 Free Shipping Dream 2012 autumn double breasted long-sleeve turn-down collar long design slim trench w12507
·····
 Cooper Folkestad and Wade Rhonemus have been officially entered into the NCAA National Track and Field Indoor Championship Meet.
·····
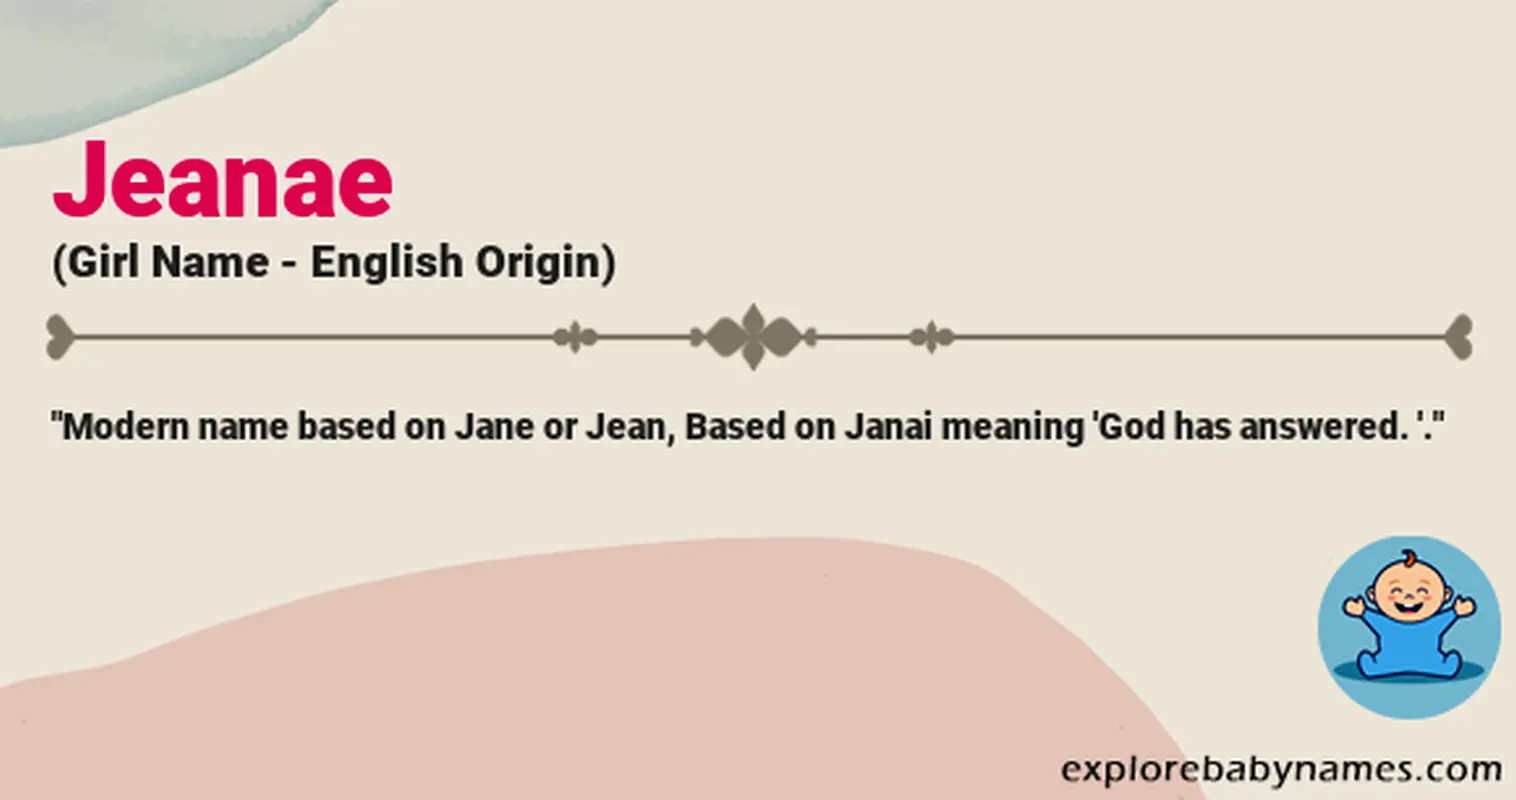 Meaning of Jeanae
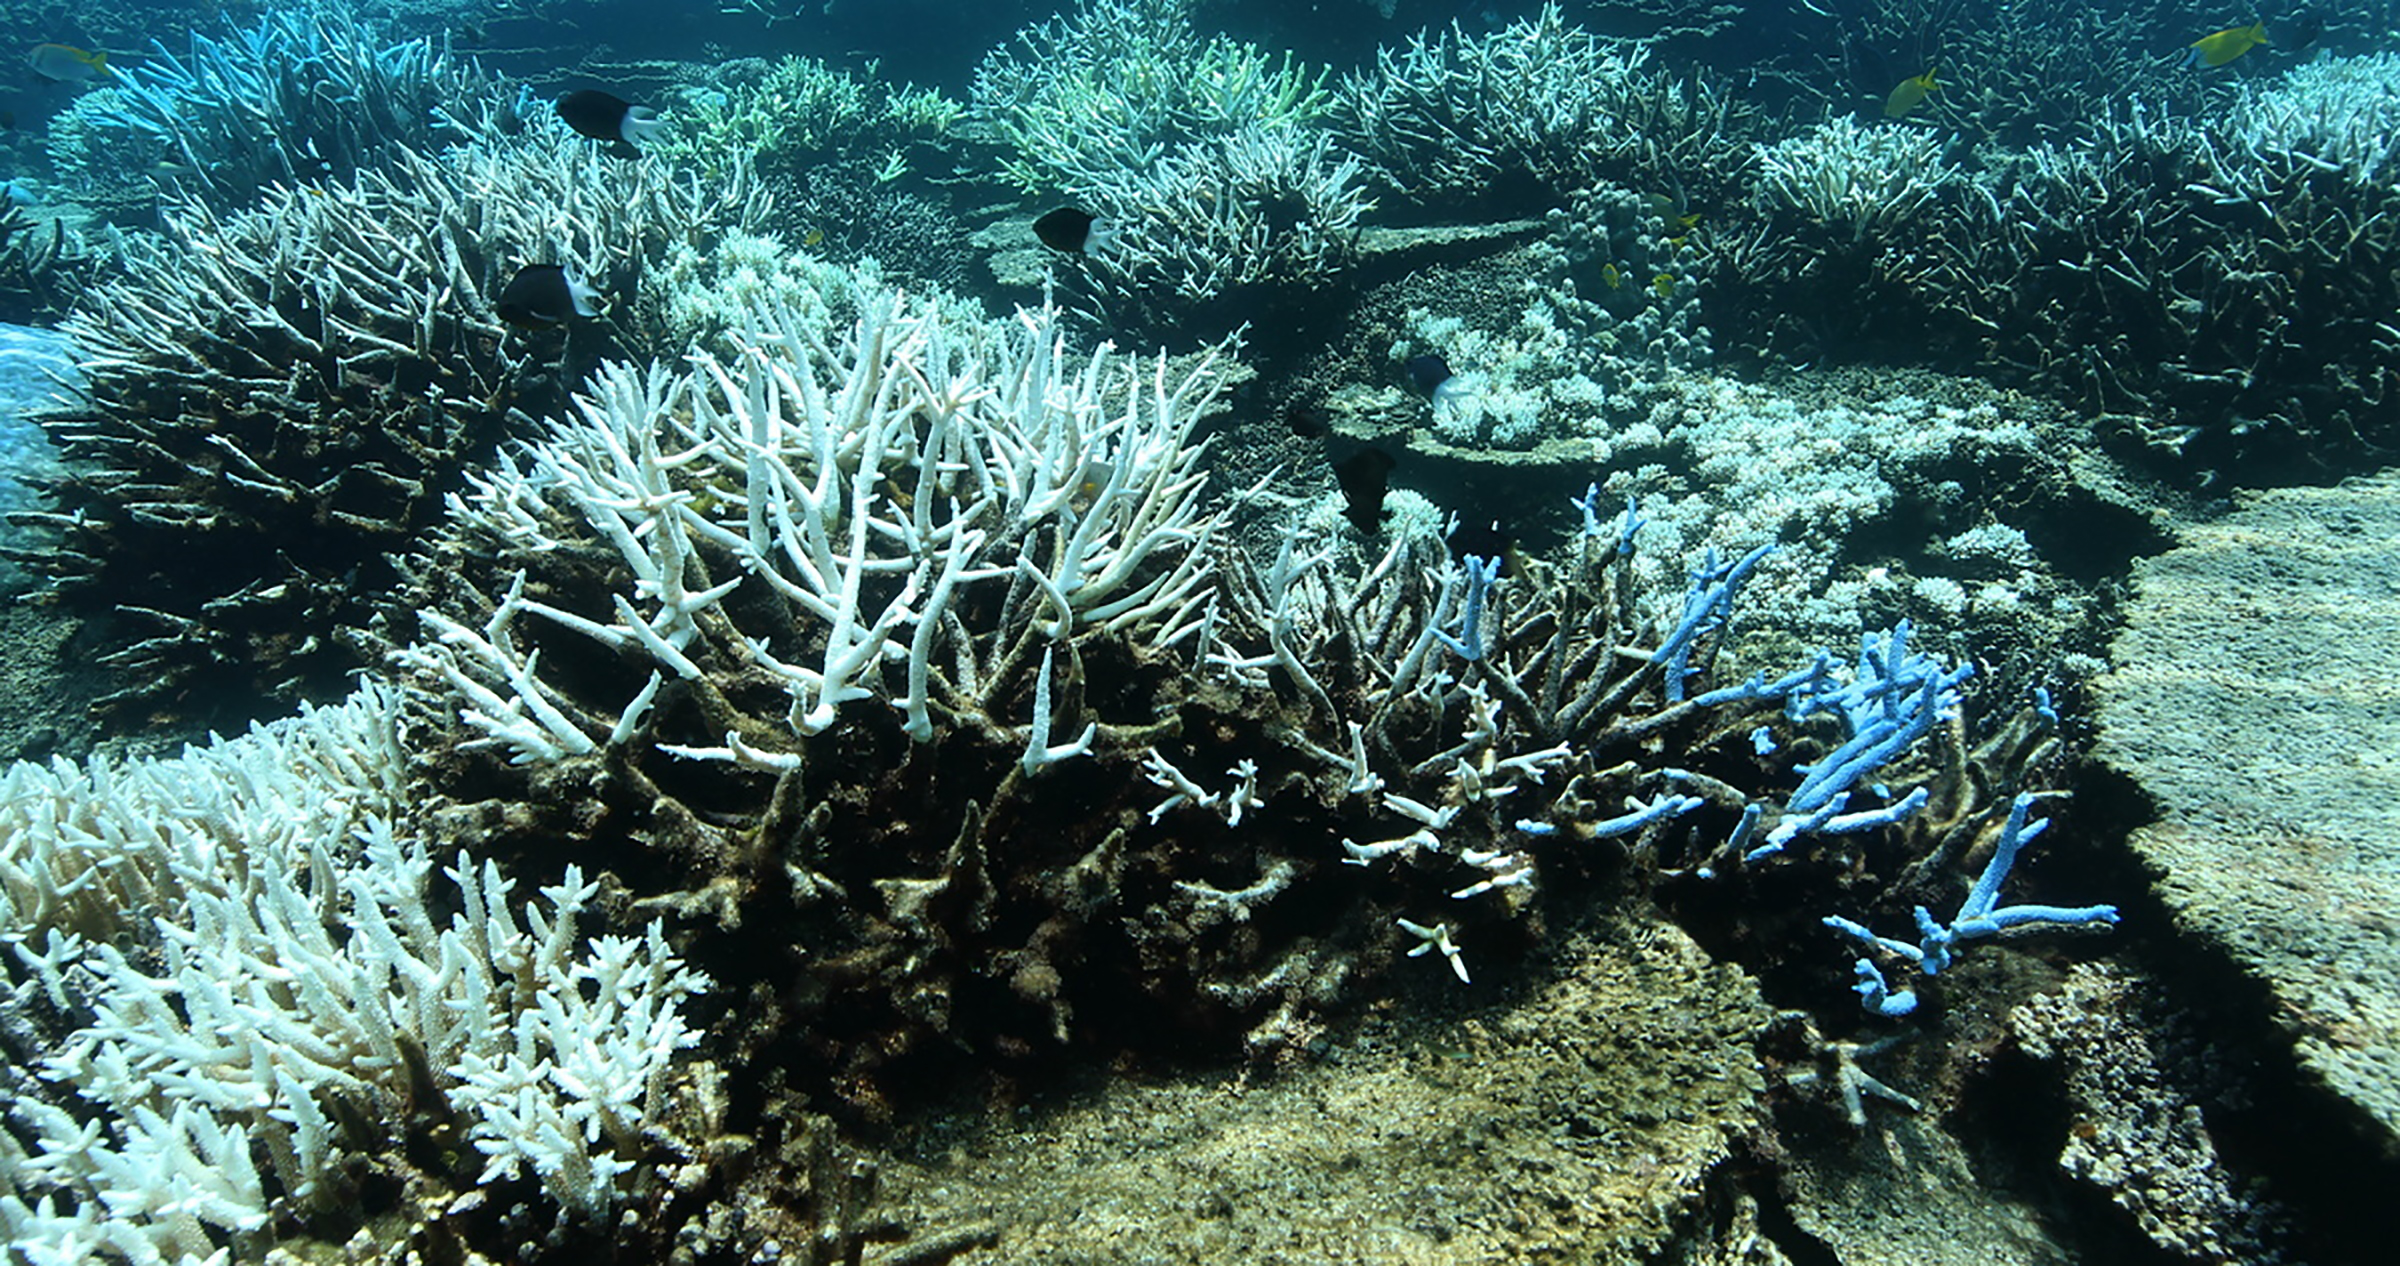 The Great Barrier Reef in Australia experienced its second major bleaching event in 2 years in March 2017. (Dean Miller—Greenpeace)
·····
Requirement - Make an exact copy of the lines above, beginning with the line with "Meaning of Jeanae" and ending with the line with "The Great Barrier", and keep the pictures out of it.

Exercise answer -
 Meaning of Jeanae
 The Great Barrier Reef in Australia experienced its second major bleaching event in 2 years in March 2017. (Dean Miller—Greenpeace)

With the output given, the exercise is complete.